CLEVER
CLEVER copied to clipboard
Visually Grounded Commonsense Knowledge Acquisition
The code and datasets of our AAAI 2023 paper Visually Grounded Commonsense Knowledge Acquisition.
Overview

In this work, we propose to formulate Commonsense Knowledge Extraction (CKE) as a distantly supervised multi-instance learning problem. Given an entity pair (such as person-bottle) and associated images, our model first understands entity interactions in each image, and then selects informative ones (solid line) to summarize the commonsense relations. We present a dedicated CKE framework CLEVER that integrate VLP models with contrastive attention to deal with complex commonsense relation learning.
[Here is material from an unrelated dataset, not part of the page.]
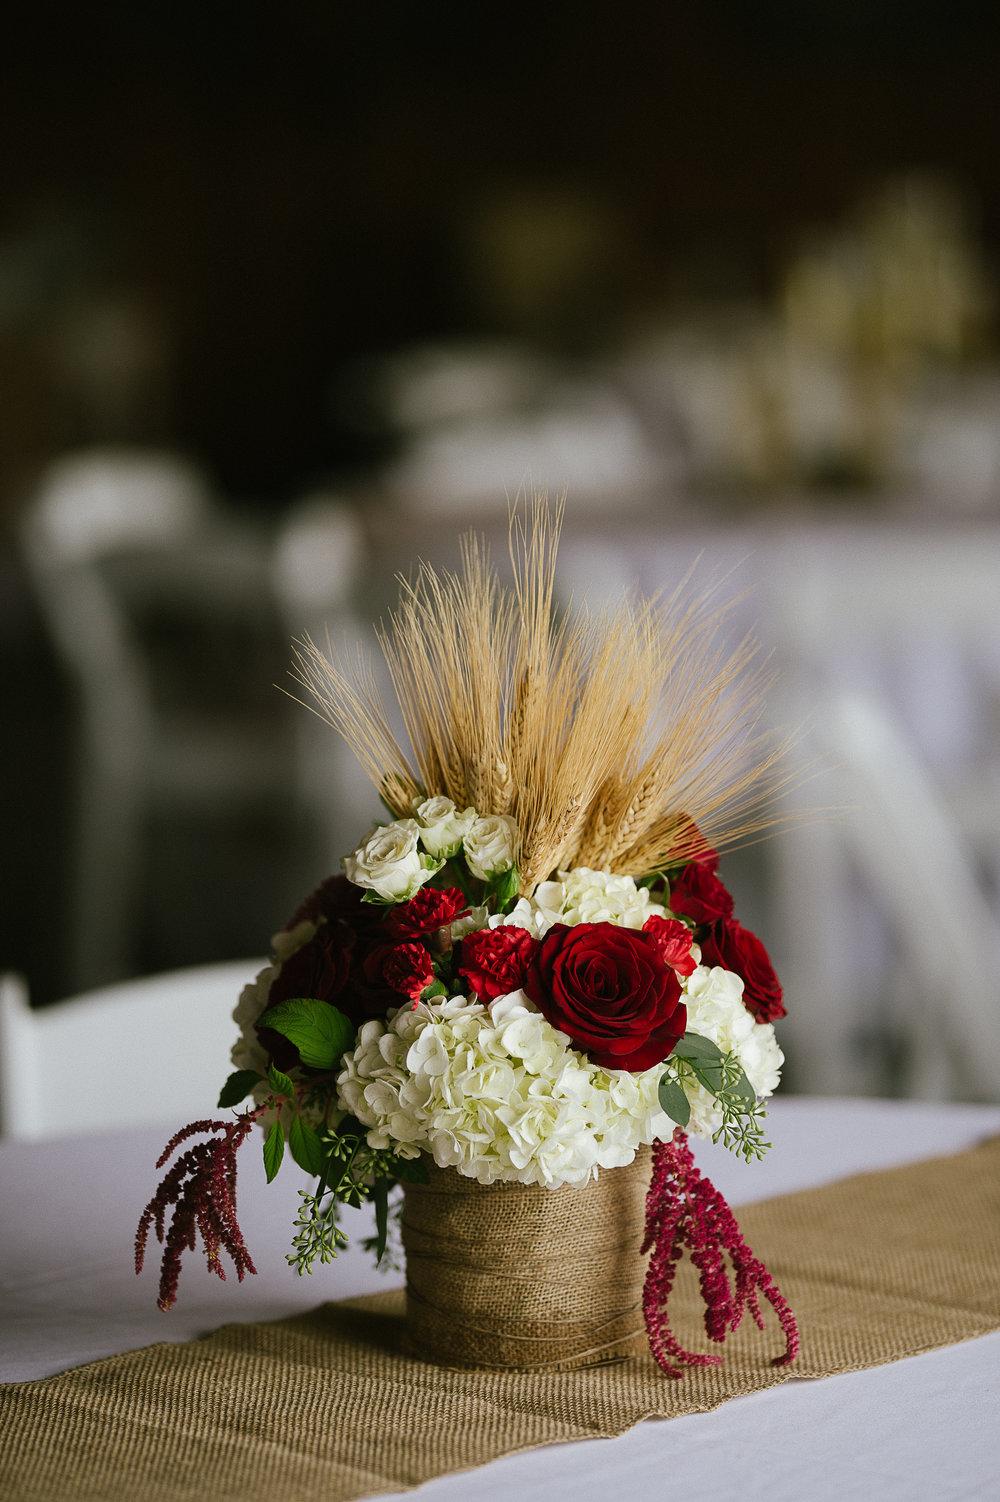 Swan Trail Farm Wedding_Sarah Schurman + Brian Skadan_Snohomish Wedding_Kelsey Lane Photography-5572.jpg

You can find more details in our paper.
Installation
Check INSTALL.md for installation instructions.
Data Preparation
Check DATASET.md for data preparation.
Training
# Prepare dataset according to 'Data Preparation' Section
cd src/Oscar
bash train.sh
Baselines
Text-based Baselines
We directly use RTP to extract triplets from Conceptual Captions which contains more than 3 millon image captions. Triplets are sorted by frequency for evaluation.
PLM-based Baselines
# Vanilla-FT
cd src
python vanilla_ft.py
# LAMA and Prompt-FT
cd src
conda activate CLEVER_prompt_env # to resolve dependency conflic
python prompt_ft.py
Image-based Baseline
cd Oscar
bash run_instance_pred_cls.sh
bash run_VRD_baseline.sh
Extracted Commonsense Knowledge
You can download the commonsense knowledge triplets extracted by CELEVER on test split from here. The data structure is:
[
(subject, object, predicate, commonsense_confidence),
...
]
Citation
Please consider citing this paper if you use the code:
@inproceedings{yao2023clever,
title={Visually Grounded Commonsense Knowledge Acquisition},
author={Yao, Yuan and Yu, Tianyu and Zhang, Ao and Li, Mengdi and Xie, Ruobing and Weber, Cornelius and Liu, Zhiyuan and Zheng, Haitao and Wermter, Stefan and Chua, Tat-Seng and Sun, Maosong},
booktitle={Proceedings of AAAI},
year={2023}
}
License
CLEVER is released under the MIT license. See LICENSE for details.
Acknowledge
Our implementation is based on the fantastic code of Oscar.